One of the nice things about our location is that no, no one notices. When I asked the guy who put in our new tank if we needed a permit, he just laughed.

My last house was built in 1987. We bought it in 2001 and the septic system was working fine. Sold it in 2018 and it again got a clean bill of health at the sale. We were very careful about what we put in there (ie, no garbage disposal, no cleaning paint brushes in the sink) . The point is that they can last a very long time if cared for (and to be fair, I’m sure the sandy soil helped)

Local governments are more concerned about sewage than roofs and porches. Our county is very strict, and, for example, requires annual inspections of our septic system. I have no doubt that if we had sewers nearby, they could indeed force us to hook up.

found an article about it

Years ago, we had a system that needed to pumped out too much.* The service guy sold us something called “Wham”. He was sort of “wink-wink” about it. I (not he) poured it down the pipe and things got a lot better. We even passed the perc test a couple years later when we sold the place.

I have no idea what was in “Wham”. It had a really weird solvent/sweet smell that really persisted on me after I used it.

(Our next house only needed to be drained about every 15 years. We owned it since it was practically brand new and were very careful about what went down the drain.)

* We had some cottonwood trees near the drain field we cut down. Apparently their roots were actually helping to drain the leech field.

That could work to clear come materials clogging leach field pipes. I doubt it would have much effect on the soil.

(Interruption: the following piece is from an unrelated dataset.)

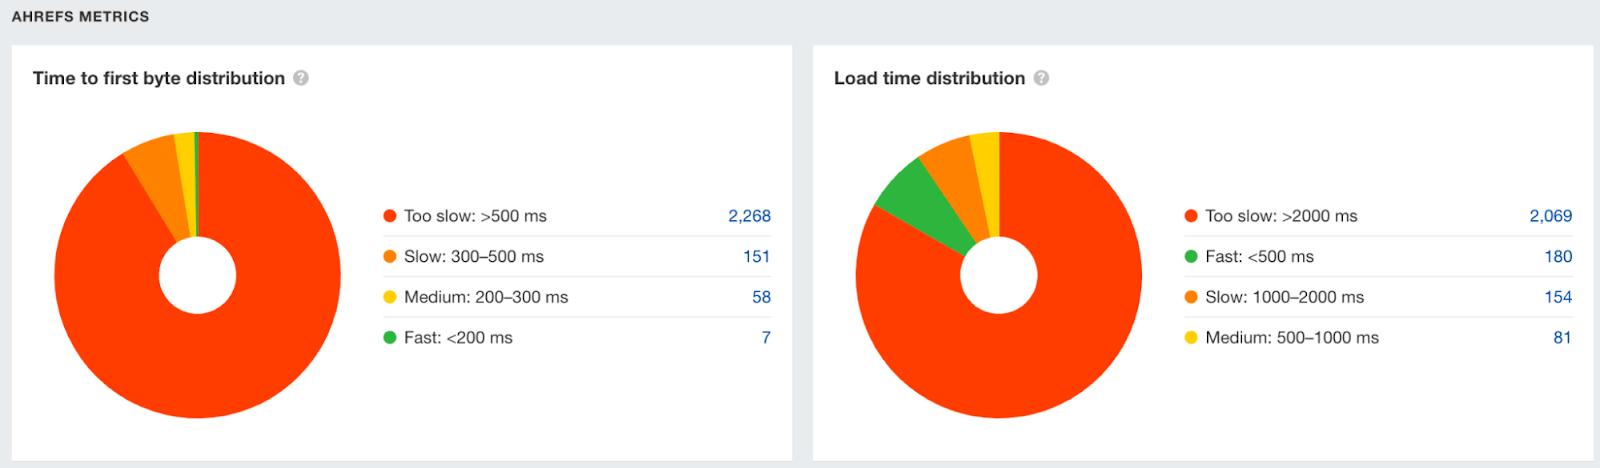 Pie charts showing data on TTFB and load time distribution, respectively

In my first house we never had any kind of problem and I didn’t want to go poking around trying to find one. When it came time to sell 16 years later the deal specified that the septic tank would be pumped out. Looking at the original specs on the house it stated that the system had a 15,000 gallon tank. Everyone laughed and said that’s a mistake, it must be 1500 gallons. So I called in a guy to pump it out, took us a while to locate it, but we found it, dug open a hole, pulled up the cover, and there it was, a 15,000 gallon tank. Now pretty full of solids but not all the way. I found the guy who used to live next door, he had built the place. When he was doing that he was also managing a commercial building that was being extended and he said that somehow, for some reason he didn’t understand, a company delivered two 15,000 gallon tanks to the building he was managing. He said they didn’t want the second one back so he had them take it to the house he was building. He didn’t mention who if anyone actually paid for it.